Diese vorgezeichnete Anschlussstelle für Achtsamkeit und Mitgefühl in der Schule gibt es tatsächlich – es ist das Thema sozial-emotionales Lernen, das seit einem halben Jahrhundert in mehreren Varianten zu einem erklärten Ziel der Schulpädagogik geworden ist. „Erklärt“ heißt zwar noch nicht „verwirklicht“, aber wir sind auf dem Weg dorthin: Die Kompetenzen, um die es hierbei geht, werden zunehmend als Schlüsselkompetenzen der digitalen und vernetzten Welt erkannt. Die weiteren Details dazu findet ihr in dem folgenden Leittext. Diesen Text habe ich ausnahmsweise mal nicht neu und speziell für euch geschrieben, sondern er war ein Vortrag und Buchbeitrag zu Beginn der Corona-Pandemie. Deren Folgen zeigen uns heute noch sehr viel deutlicher, dass die Schule als sozial-emotionaler Lern- und Lebensraum für die Schüler:innen geradezu lebenswichtig ist.
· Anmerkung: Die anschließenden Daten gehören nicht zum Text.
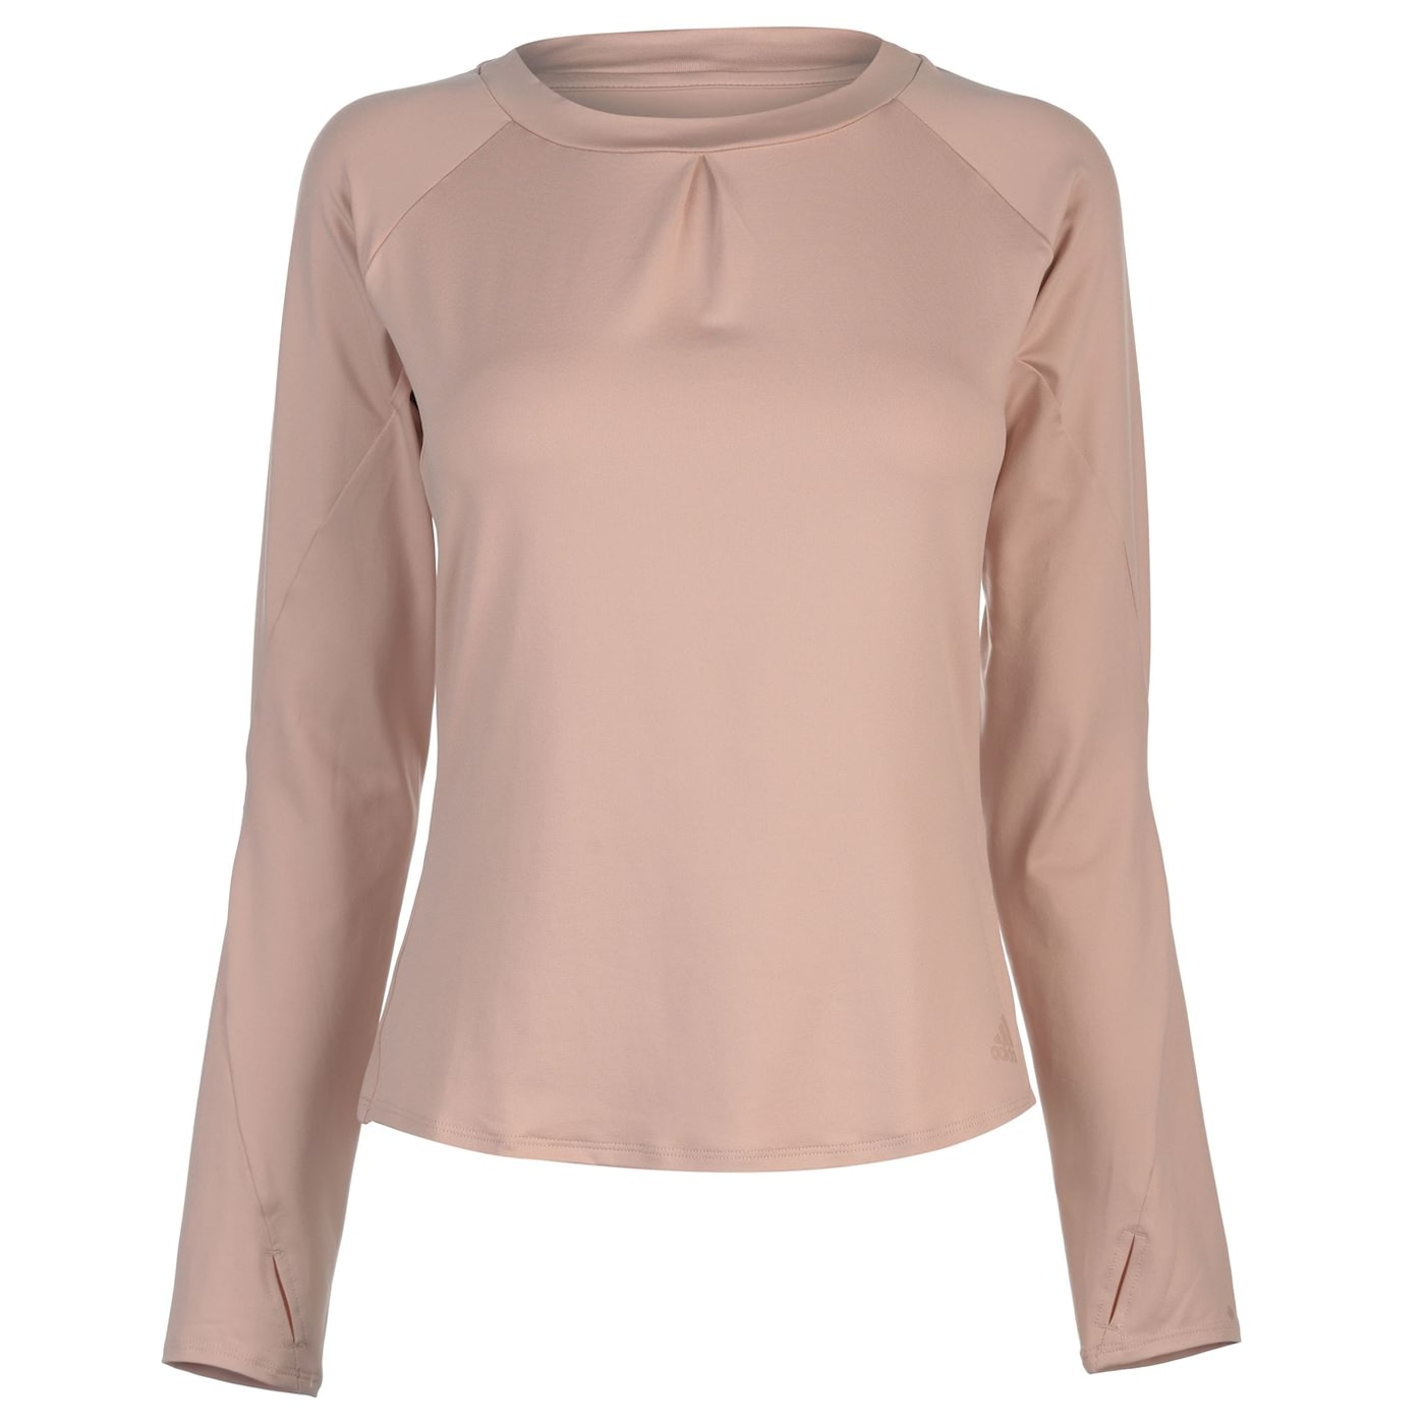 Adidas TKO Long Sleeve T Shirt Ladies

Der krasseste Beleg dafür ist die enorme Zunahme der Depressionen im Kindes- und Jugendalter durch die Pandemie.

>> Leittext Sozial-emotionales Lernen

Ich hoffe, dass euch diese Überlegungen auch mehr Sicherheit geben bei der Umsetzung von Achtsamkeits- und Mitgefühlsübungen im Unterricht (siehe Thema 1). Und wenn ich mal den Leittext für Herz der Schule neu schreiben werde, wäre ich euch für Fragen, Anmerkungen und Praxiserfahrungen sehr dankbar (unten in der Reflexionsbox).

Mögen euch dieser letzte Prompt und sein Leittext sowie alle vorhergehenden Prompts und Leittexte gut in Erinnerung bleiben!

P.S.: Bitte vergesst nicht, eure Projektberichte fertigzustellen und an Nina zu senden.